Give the data again exactly, without its images.

Provided data —
§
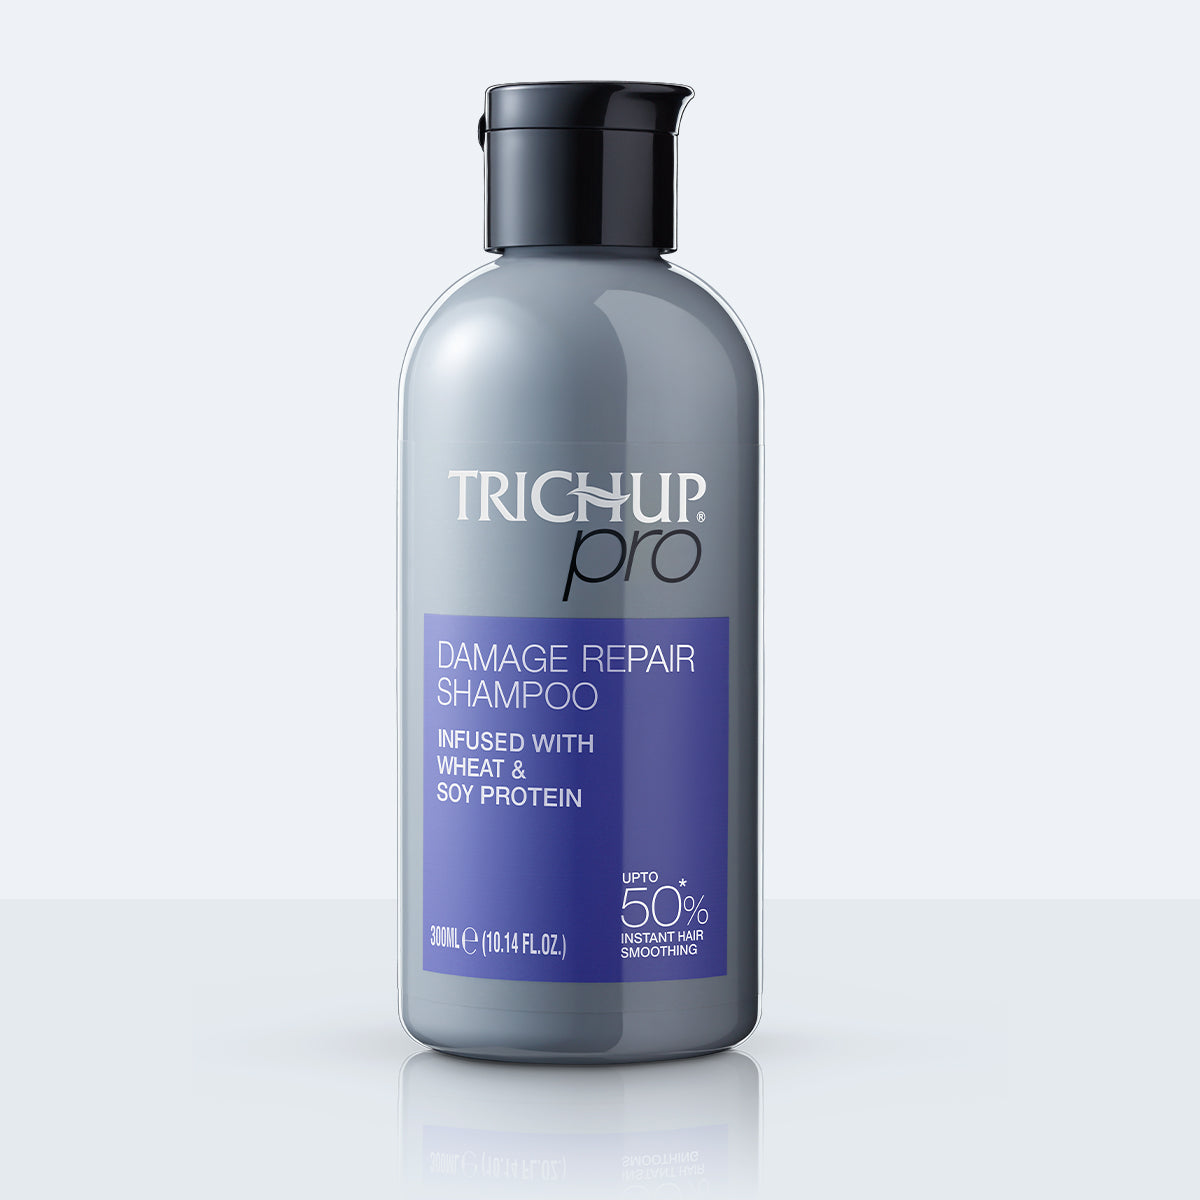 Trichup Pro Damage Repair Shampoo for Dry Frizzy Hair | Instant Dual Action Rebonding & Smoothing | Improves Texture, Volume, Manageability & Shine with Advanced Ingredients | For Men & Women - 300ml
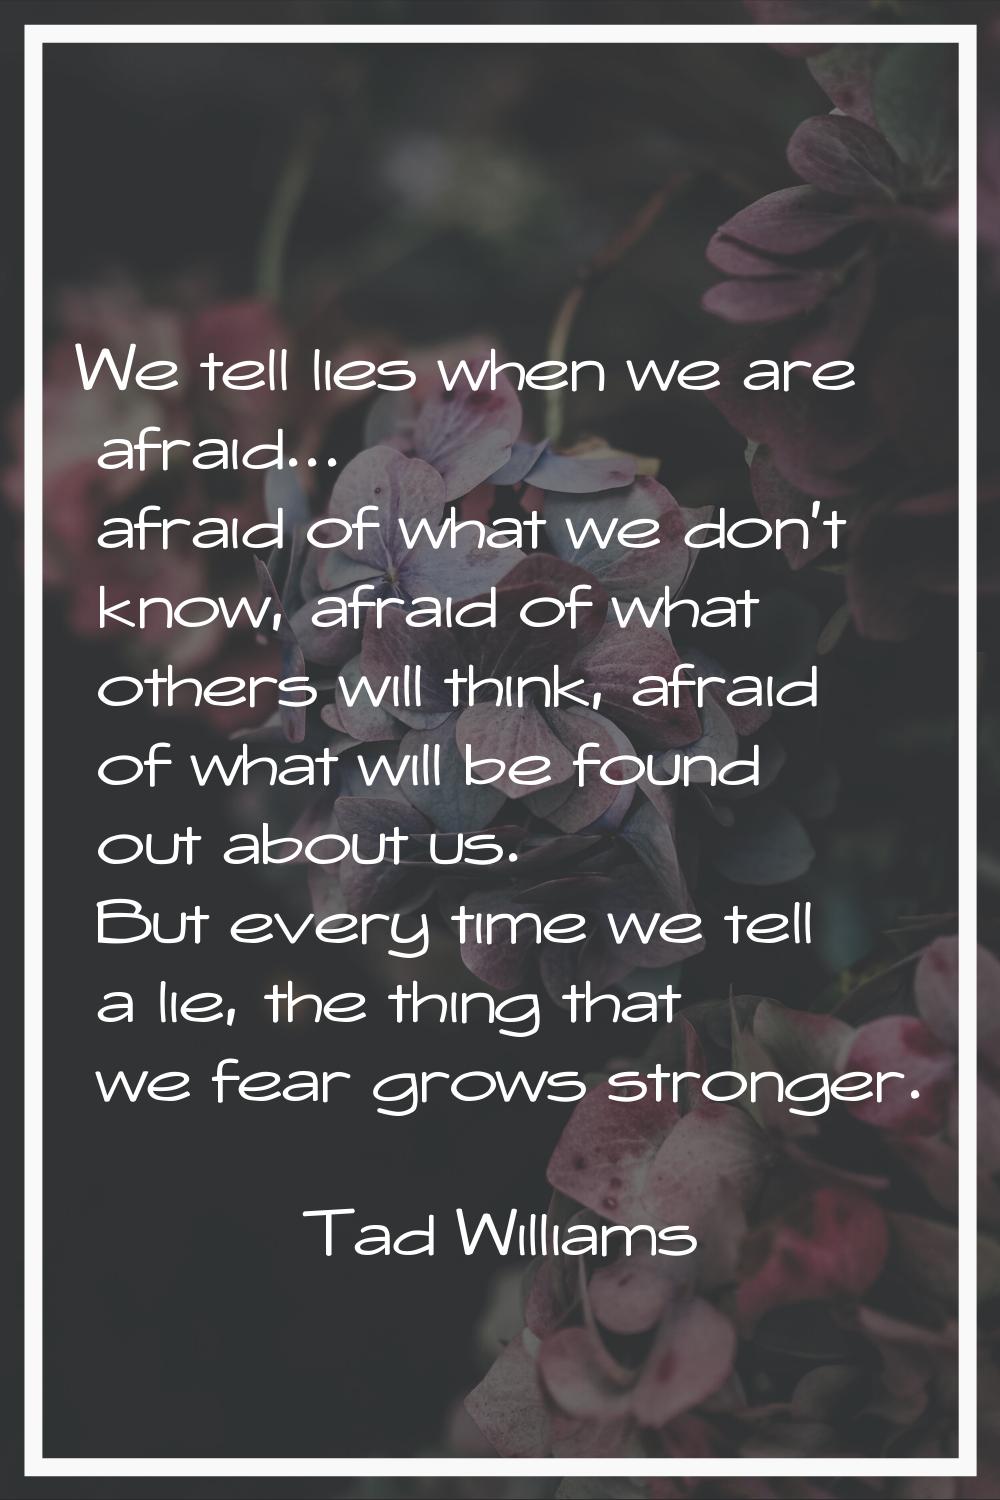 We tell lies when we are afraid... afraid of what we don't know, afraid of what others will think, 
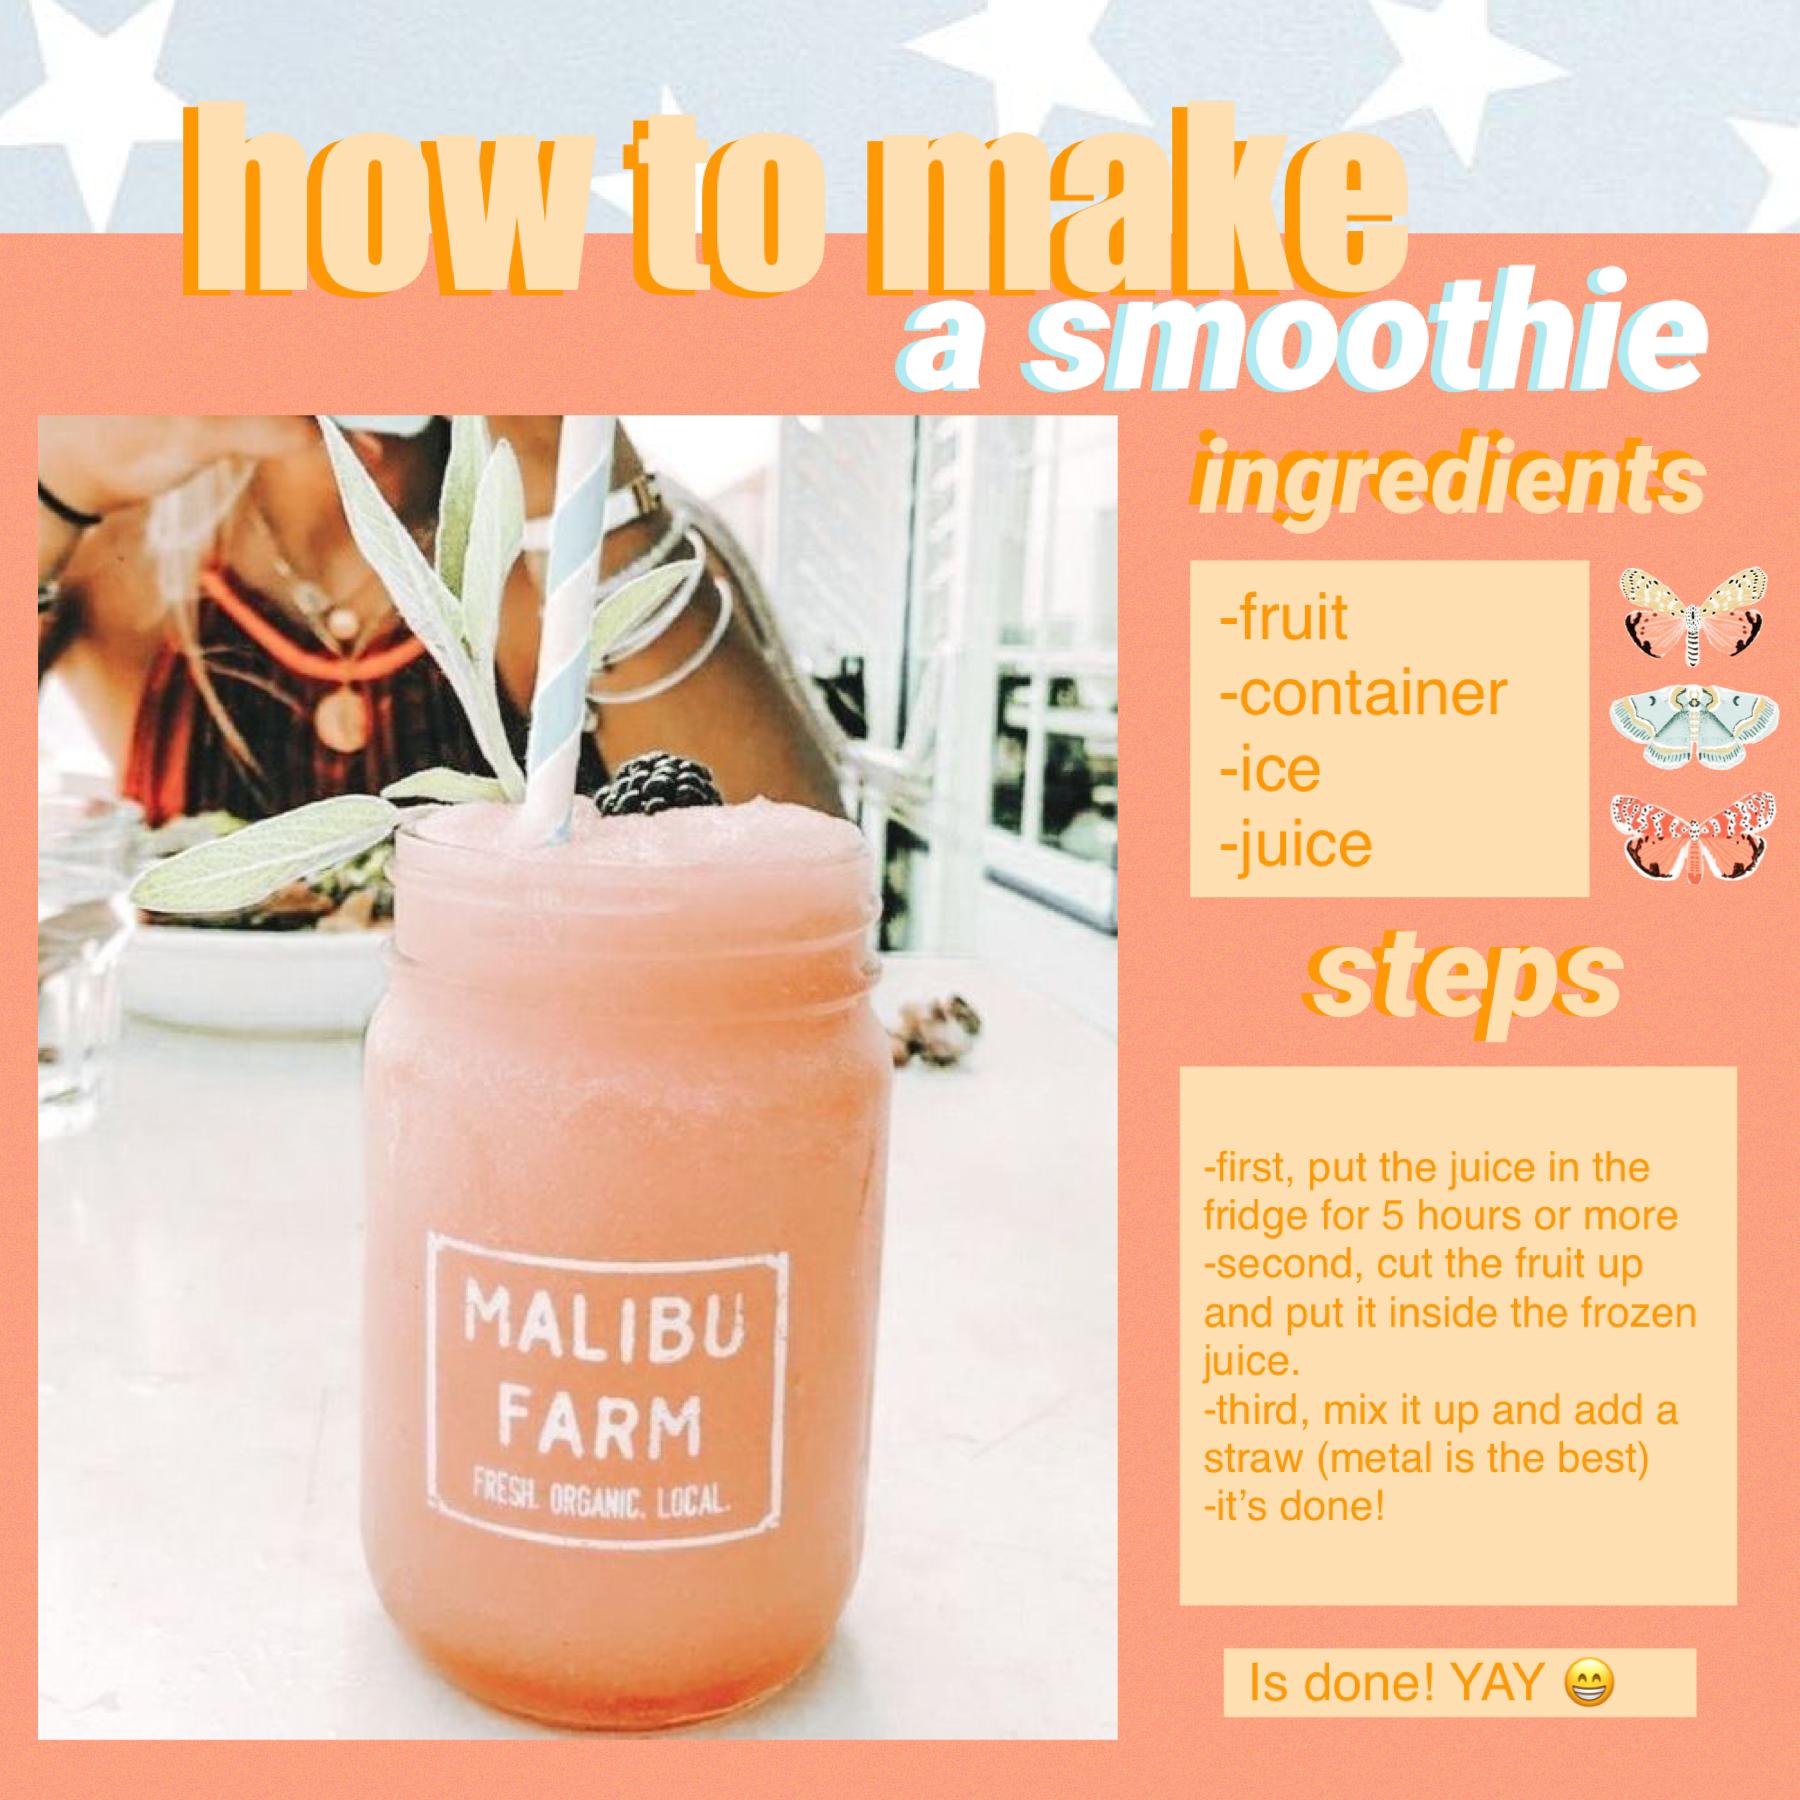 how to make a smoothie-tap-

A lot of you were like “wow I wanna smoothie” and I decided to make a page on how to make one! It’s super fun! U should try it sometime :)
§
Exercise result —
 Trichup Pro Damage Repair Shampoo for Dry Frizzy Hair | Instant Dual Action Rebonding & Smoothing | Improves Texture, Volume, Manageability & Shine with Advanced Ingredients | For Men & Women - 300ml
 We tell lies when we are afraid... afraid of what we don't know, afraid of what others will think, 
 how to make a smoothie-tap-

A lot of you were like “wow I wanna smoothie” and I decided to make a page on how to make one! It’s super fun! U should try it sometime :)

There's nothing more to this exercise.